Perhaps the desire to have things of our own is rooted in the need to easily define ourselves: I listen to X type of music, I frequent Y Restaurant, I wear Z style of clothes . but who am I? What a beautiful and forgiving world it would be if we were defined by our imperfections, mine apparently being run-on sentences, comma splices and a nagging coffee addiction.

I fear first impressions. I have a Northface jacket, but that’s because I’m from the south and have never had need for a warm coat before. I was shamefully a fan of MTV’s Laguna Beach, but I swear I can use three-syllable words correctly. I shop at American Eagle, but because they make the best affordable jeans (in my humble-ish opinion). And, as previously detailed, Starbucks is my second home because sometimes a girl just wants to splurge on a perfectly-brewed mocha. Can we really be defined by what we wear? Is it truly that important where we are seen? Can’t we all be brothers? But I digress.

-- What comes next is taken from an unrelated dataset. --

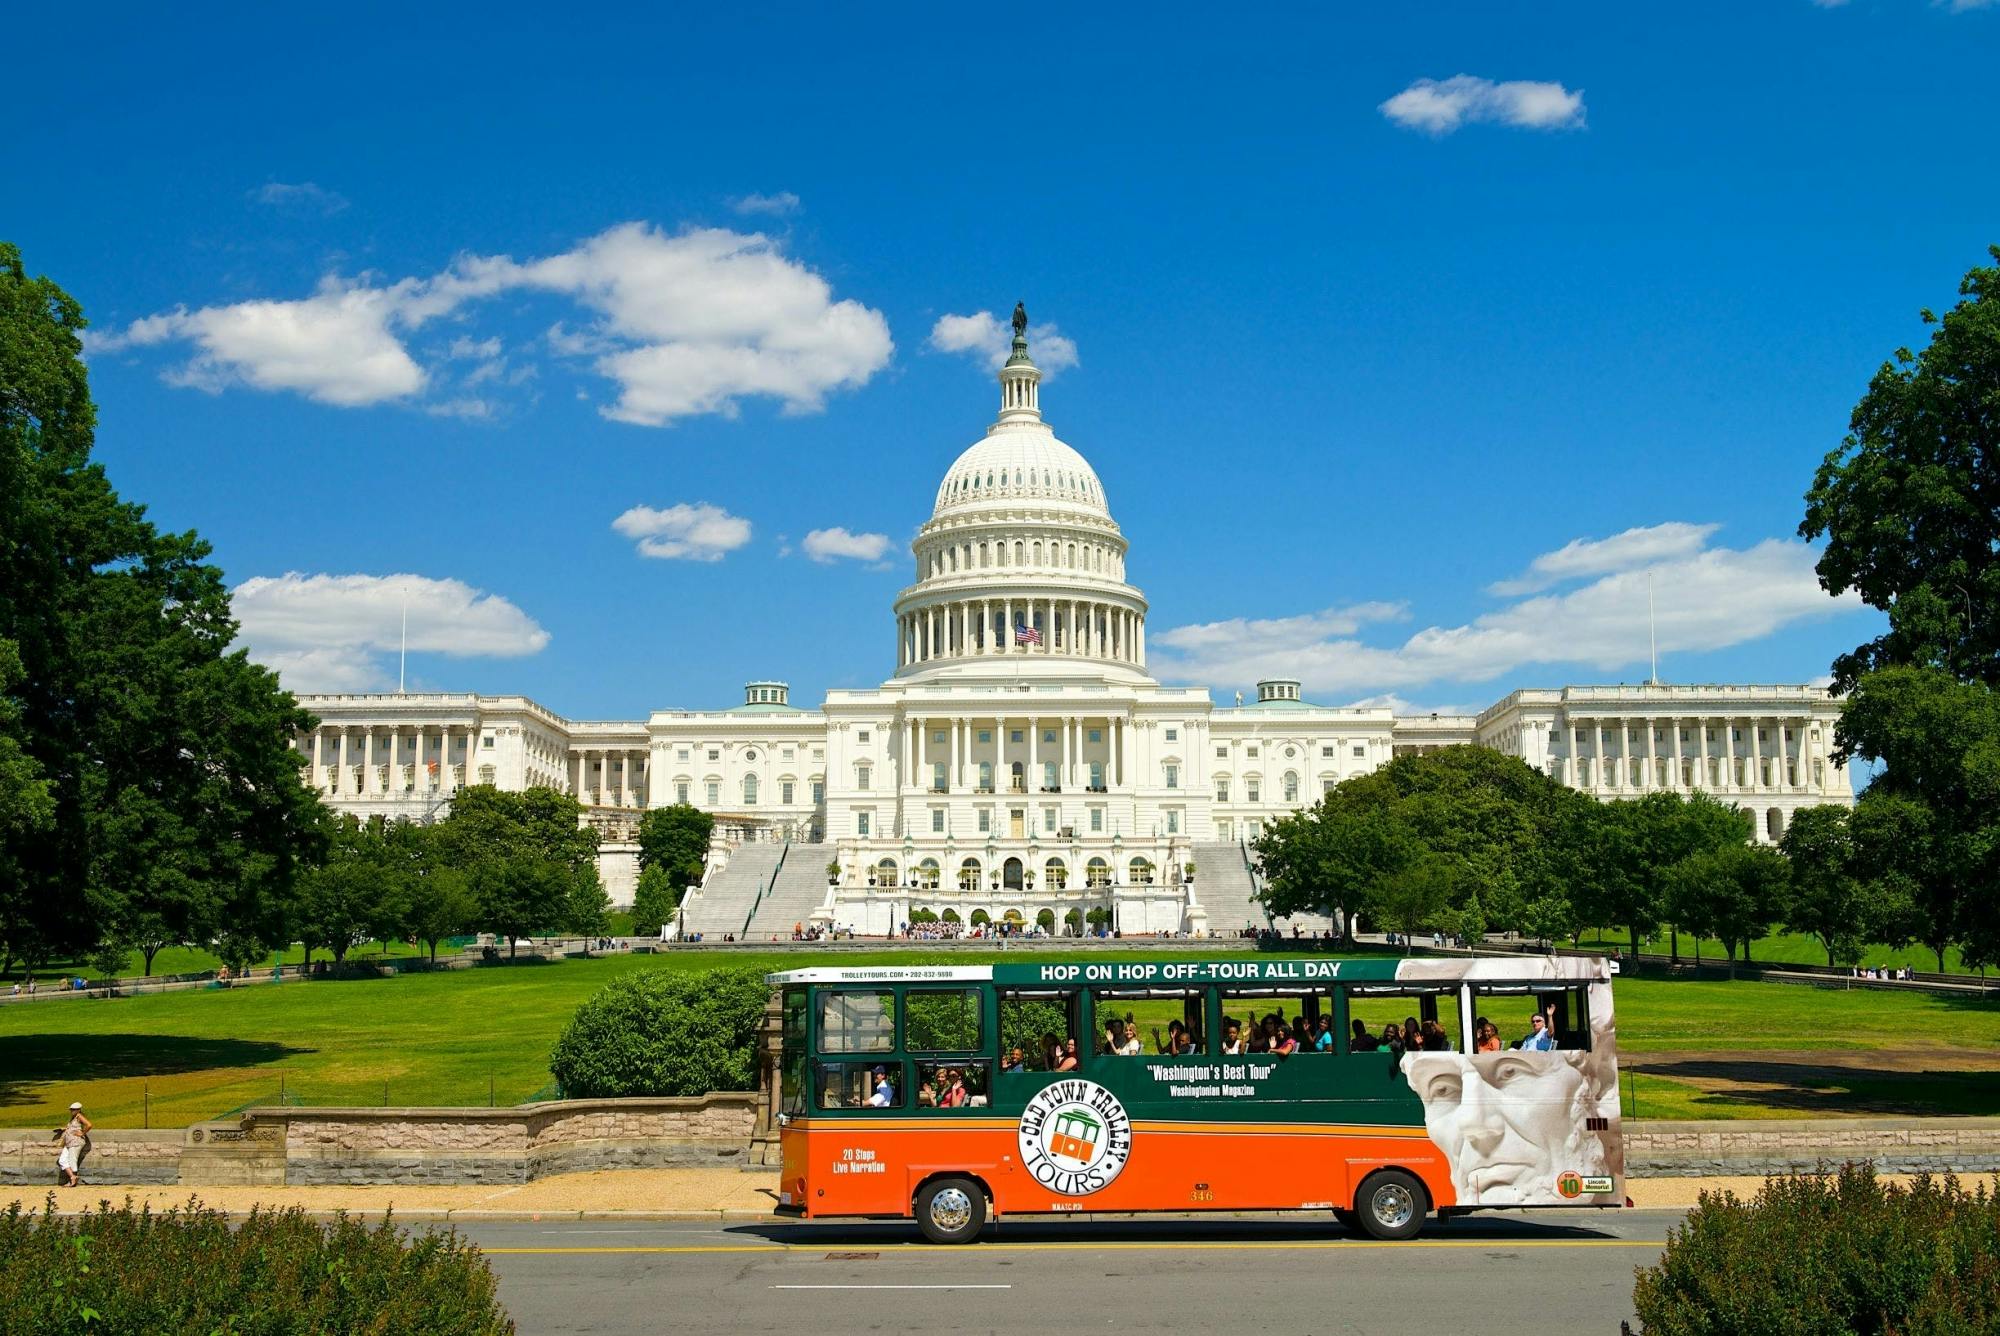 Hop-on-Hop-off-Touren mit dem Old Town Trolley durch Washington DC

I will never have fabulous hair. I won’t be able to afford a laptop for several more years. And maybe I’ve fallen hopelessly victim to a national franchise-but hey, who hasn’t? We can just rationalize that as Starbucks devotees we are all part of a bigger thing and somehow universally linked and all that jazz. Barista Miguel may not know my drink of choice, but I know that a particular Starbucks in Nashville will somehow always be mine. At least, that is, until they replace the table by the window that now proclaims “KL is smokin'” in black Sharpie.